## TASK
Without the pictures, repeat all of the data exactly as it appears below.

## COLLECTED DATA

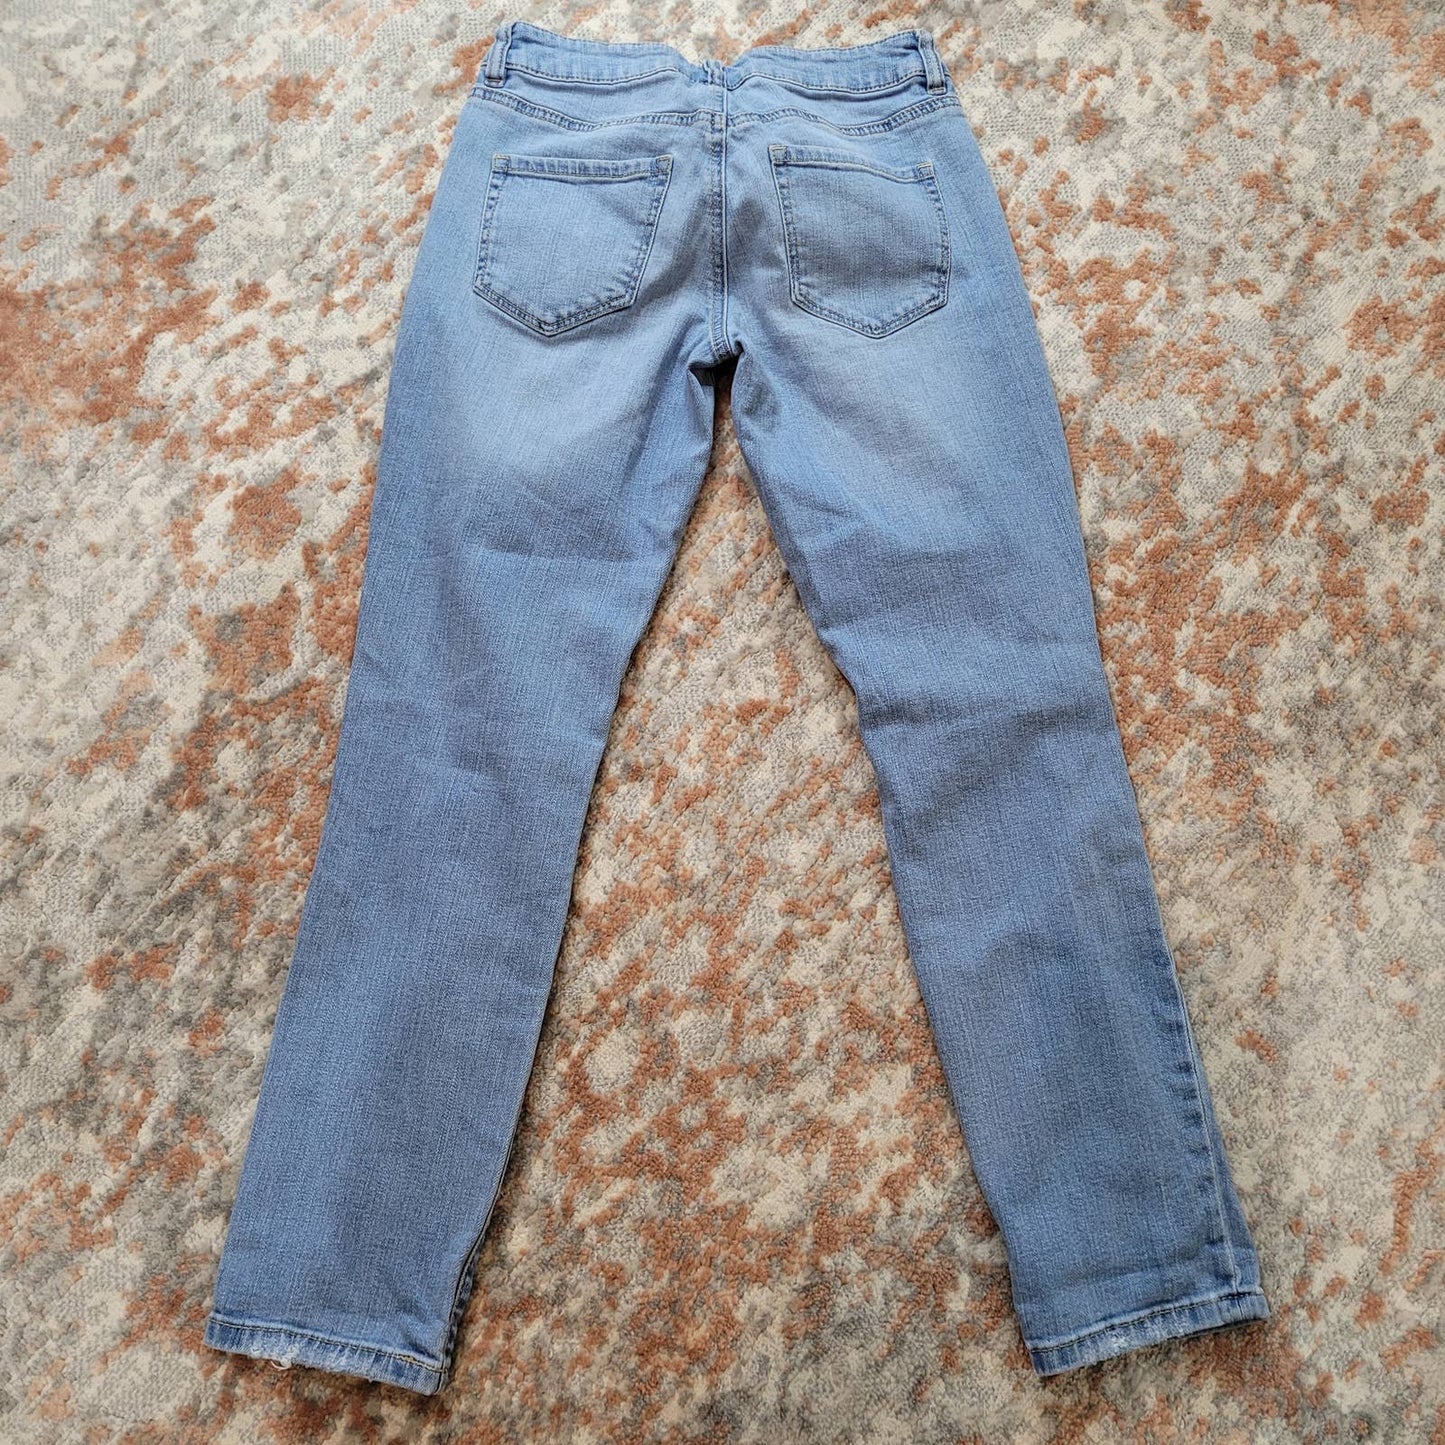 Dynamite Denim Cara Light Wash Distressed Jeans - Size 24Markita's ClosetDynamite
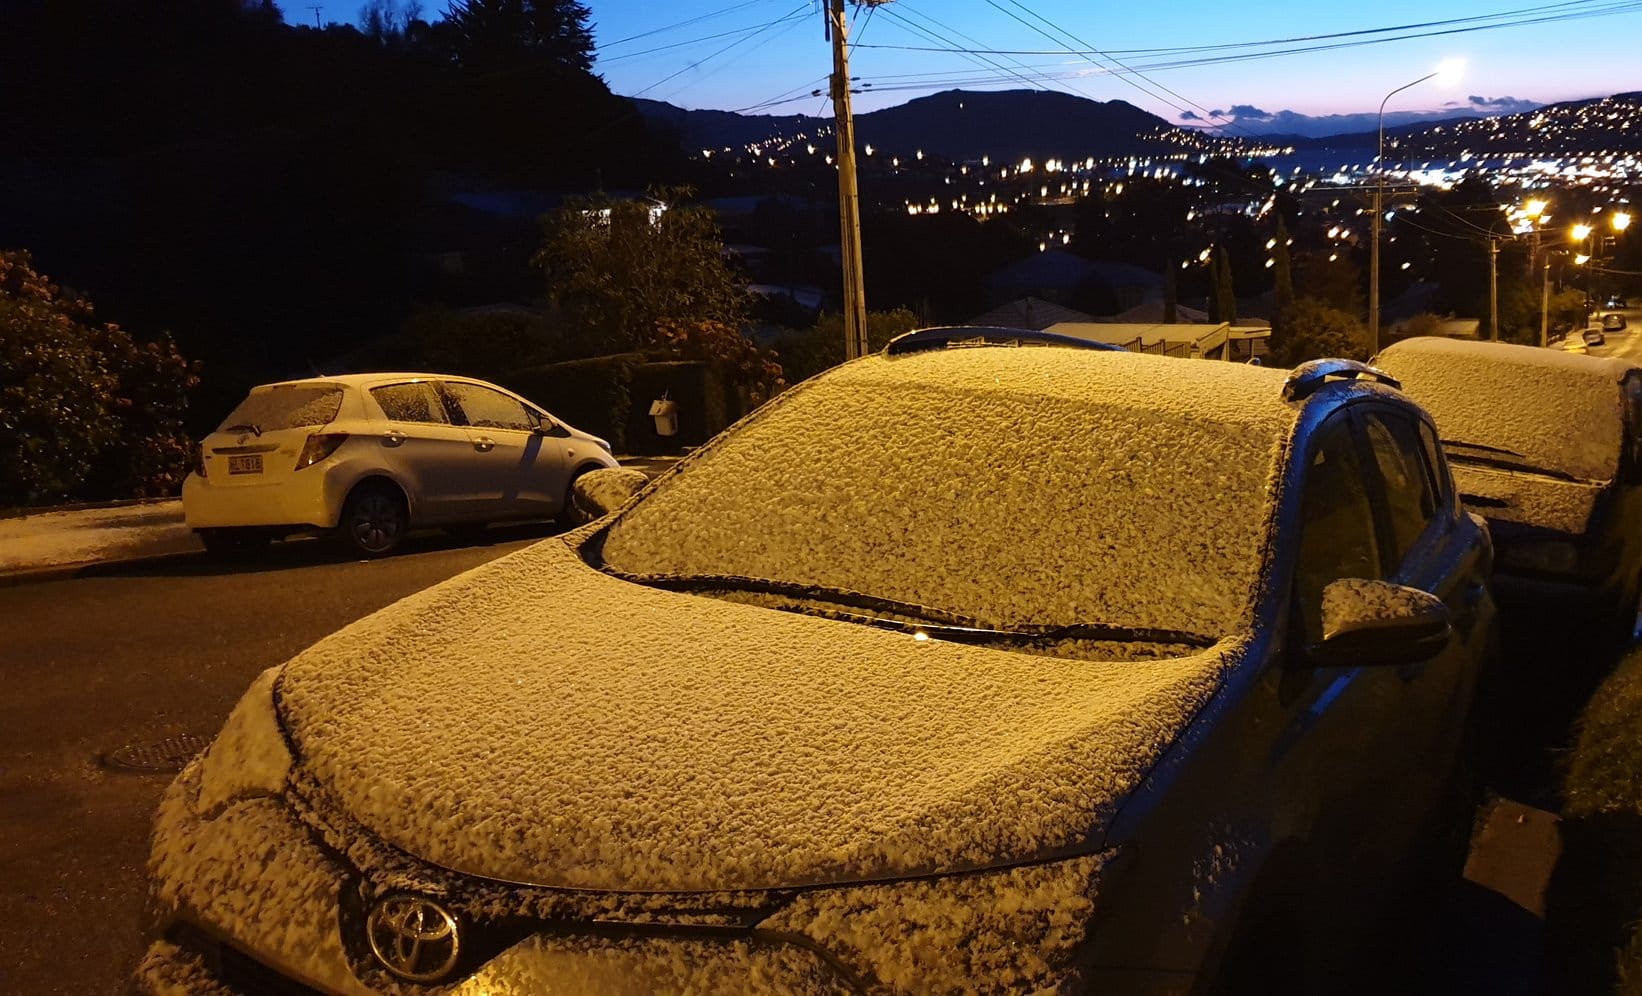 Snow in Dunedin this morning.
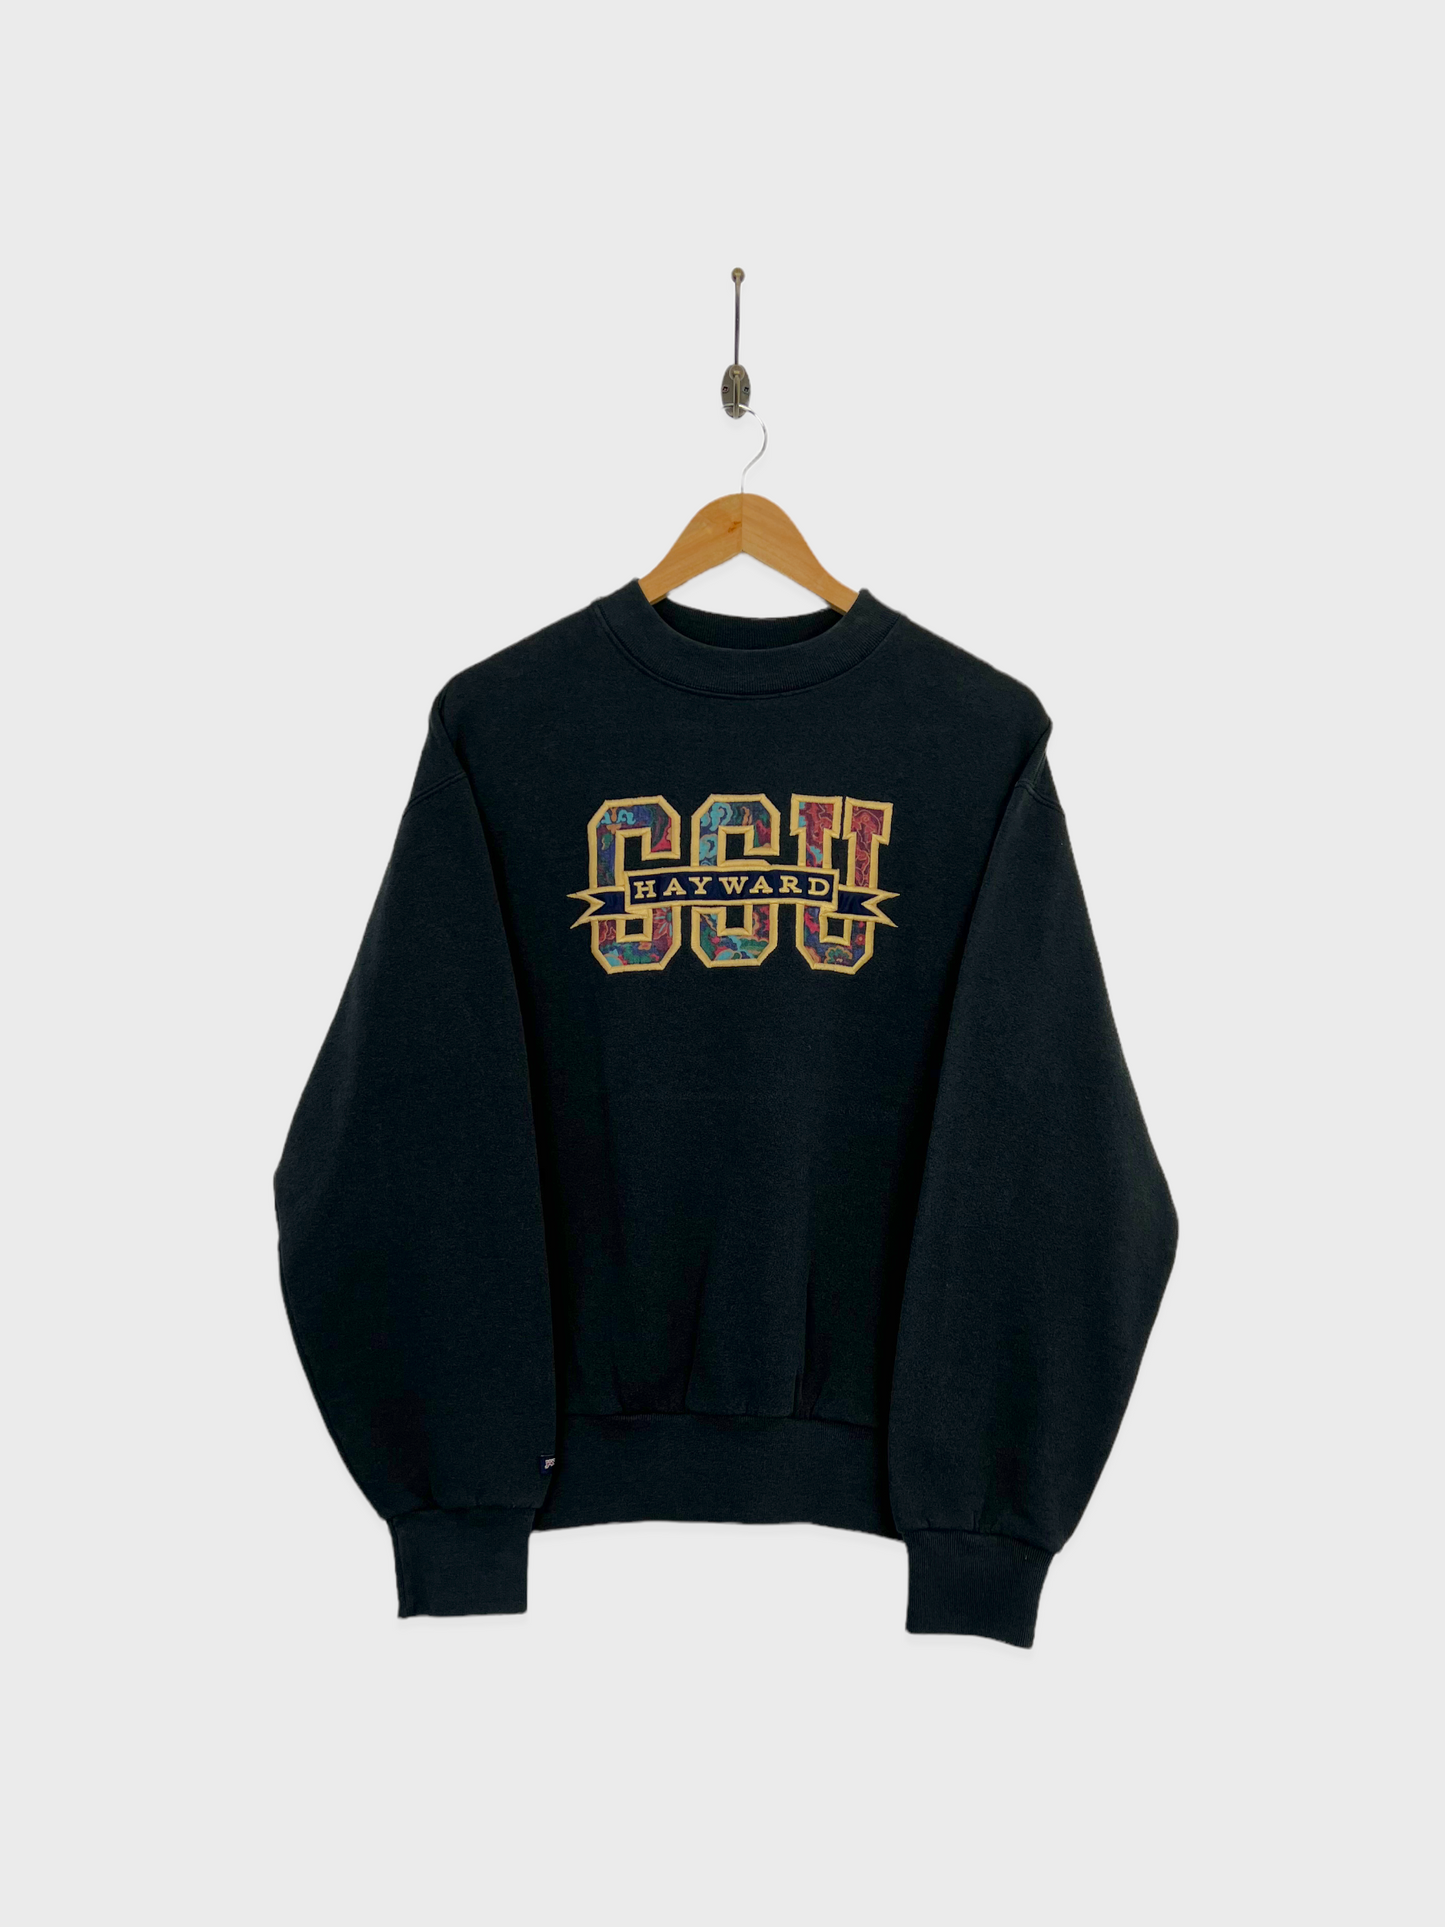 90's GGU Hayward USA Made Embroidered Vintage Sweatshirt Size 6

## TASK SOLUTION
 Dynamite Denim Cara Light Wash Distressed Jeans - Size 24Markita's ClosetDynamite
 Snow in Dunedin this morning.
 90's GGU Hayward USA Made Embroidered Vintage Sweatshirt Size 6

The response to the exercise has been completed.